Arnaud Leurent partage lui aussi une expérience moins réussie : une tentative d’ouverture de bureaux commerciaux à l’étranger, avec des profils pourtant dignes de confiance et très motivés, mais où le management à distance, combiné à un fort décalage horaire, n’a pas donné les résultats espérés. Une leçon qui montre que l’externalisation, aussi pertinente soit-elle, exige elle aussi d’être pilotée avec méthode.
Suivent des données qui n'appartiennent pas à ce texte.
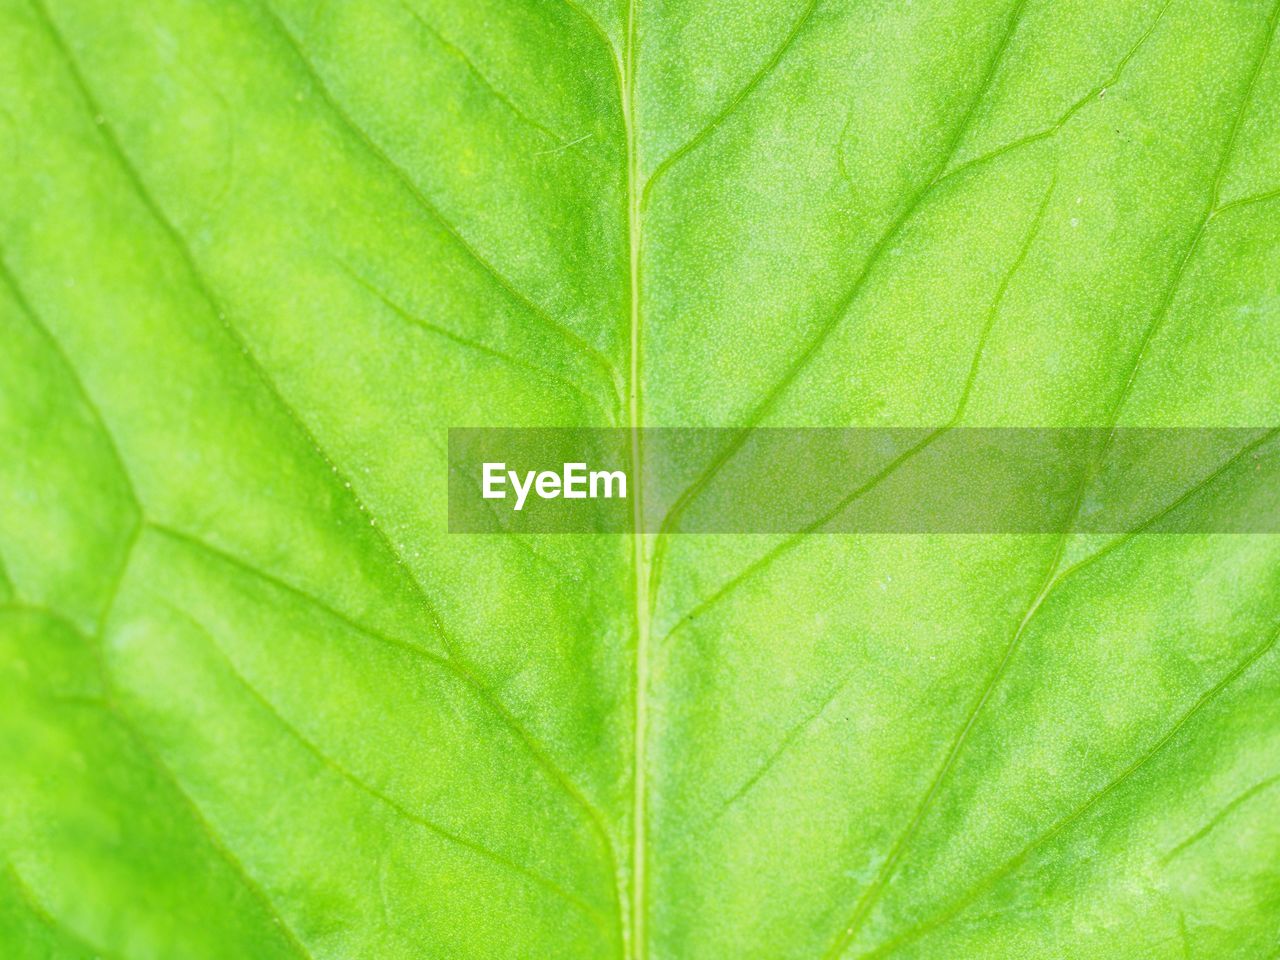 Green leaves full screen background

Recommandations stratégiques à retenir :
Distinguer ce qui doit rester stratégique de ce qui peut être délégué
Internalisez ce qui est cœur de métier, externalisez le reste selon un vrai raisonnement « make or buy ».
Choisir l'externalisation par souci d'efficacité, pas seulement de coût
Comparez toujours le coût de faire soi-même au temps et à l'opportunité gagnés en externalisant.
S'appuyer sur des experts pour monter les dossiers de financement
Faites-vous accompagner par des spécialistes des aides et subventions pour aller plus vite et plus loin.
Externaliser les tâches réglementaires à faible valeur ajoutée
Confiez douane, visas ou enregistrements locaux à des tiers plutôt que d'y consacrer un temps précieux.
Utiliser des distributeurs locaux pour accélérer l'entrée sur un marché
Acceptez de perdre de la marge pour gagner en vitesse de pénétration et en connaissance du terrain.
Vérifier la vraie technicité de ses prestataires
Ne présumez pas de la compétence d'un partenaire local du seul fait de sa proximité géographique.
Bâtir la relation avec le partenaire comme un vrai partenariat
Définissez clairement jusqu'où va la délégation, en particulier sur les phases sensibles de prospection.